The British Jewish writer Deborah Levy’s novel “Hot Milk,” is among the thirteen books on the longlist for this year’s Man Booker Prize, announced earlier today.
“Hot Milk” tells the story of a Sofia, a half-English, half-Greek student in London, and her mother, Rose. In a July 10th review of the book in the New York Times, Sarah Lyall lauded Levy for her “great imagination, the poetry of her language, her way of finding the wonder in the everyday, of saying a lot with a little, of moving gracefully among pathos, danger and humor and of providing a character as interesting and surprising as Sofia.”
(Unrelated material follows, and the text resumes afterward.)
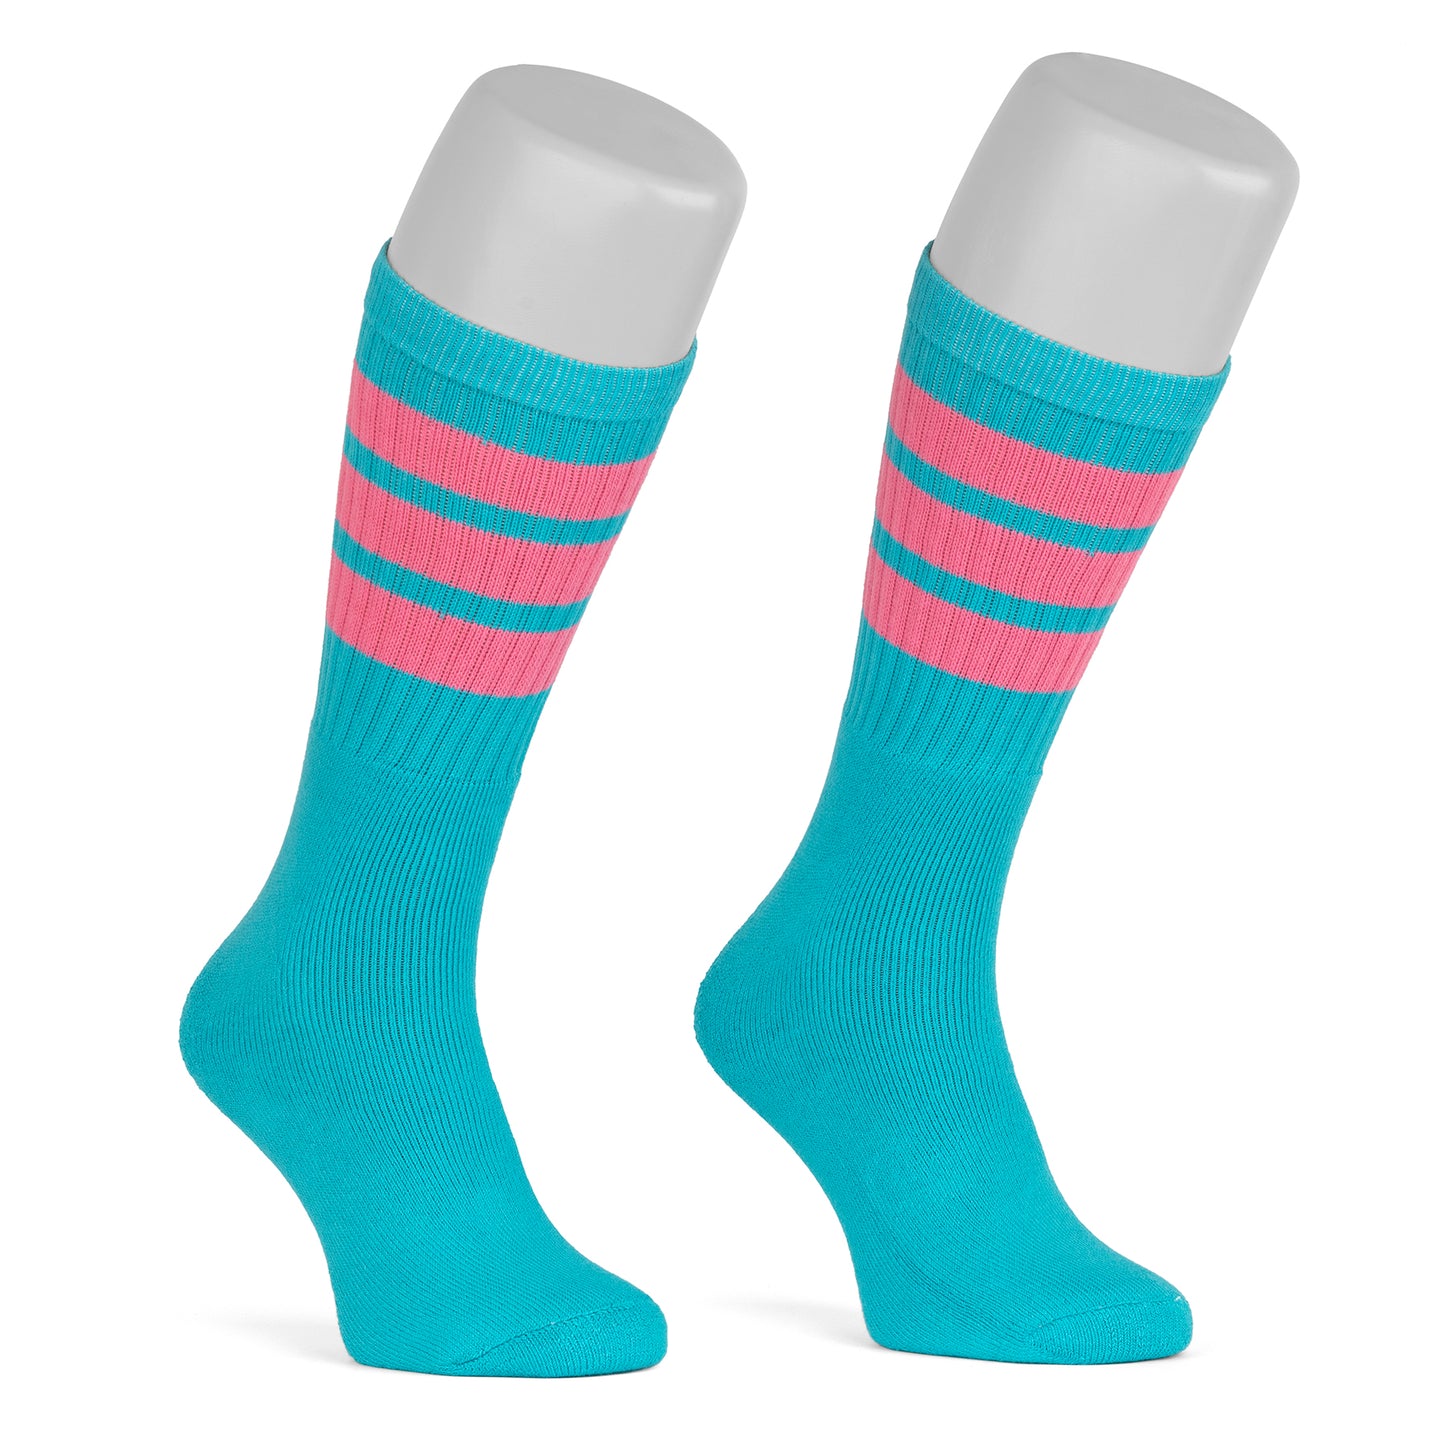 Skatersocks 19 Inch Mid Calf Tube Socks aqua - bubblegum pink striped

This is the second time Levy, also a playwright and poet, has been a candidate for the Man Booker, a prestigious literary prize issued annually to the best English-language novel published in the United Kingdom. Her novel “Swimming Home” was shortlisted for the 2012 prize.
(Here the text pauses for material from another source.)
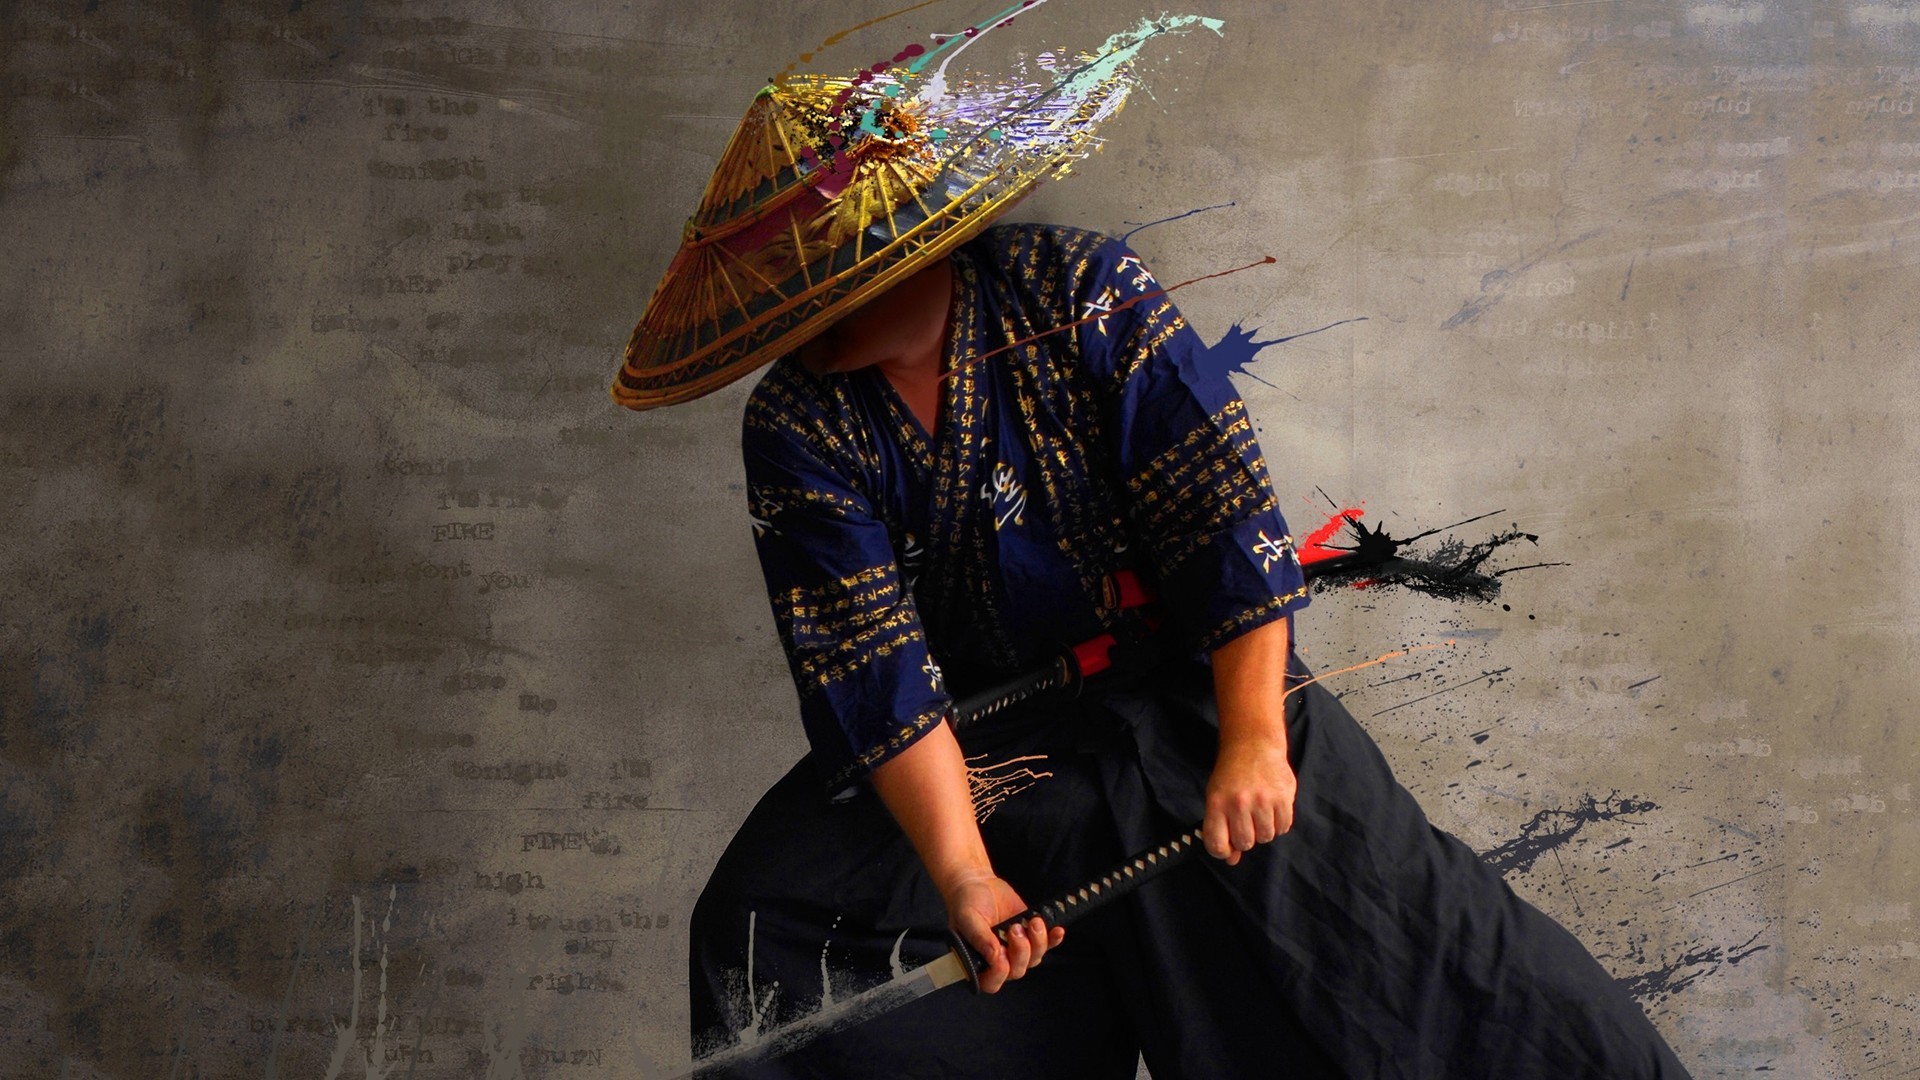 Samurai nghệ thuật: Hãy khám phá vẻ đẹp tuyệt vời của Samurai trong nghệ thuật. Những chiến binh Samurai với kiếm và yên ngựa tạo ra một thế giới cổ đại đầy màu sắc với các kỹ năng tinh tế và phong cách độc đáo. Khám phá những hình ảnh đẹp mắt và những chi tiết tinh tế nhất trong nghệ thuật Samurai.

Other novels on the longlist include Paul Beatty’s “The Sellout,” a novel that, as the Forward’s Adam Langer wrote, “is both a raucous satire and deadly serious meditation on what we do and don’t talk about when we talk about race in America.” While Beatty is not Jewish, that combination of effects reminded Langer distinctly of Philip Roth, sort of.
The shortlist for the prize will be announced on September 13th, and its winner on October 25th.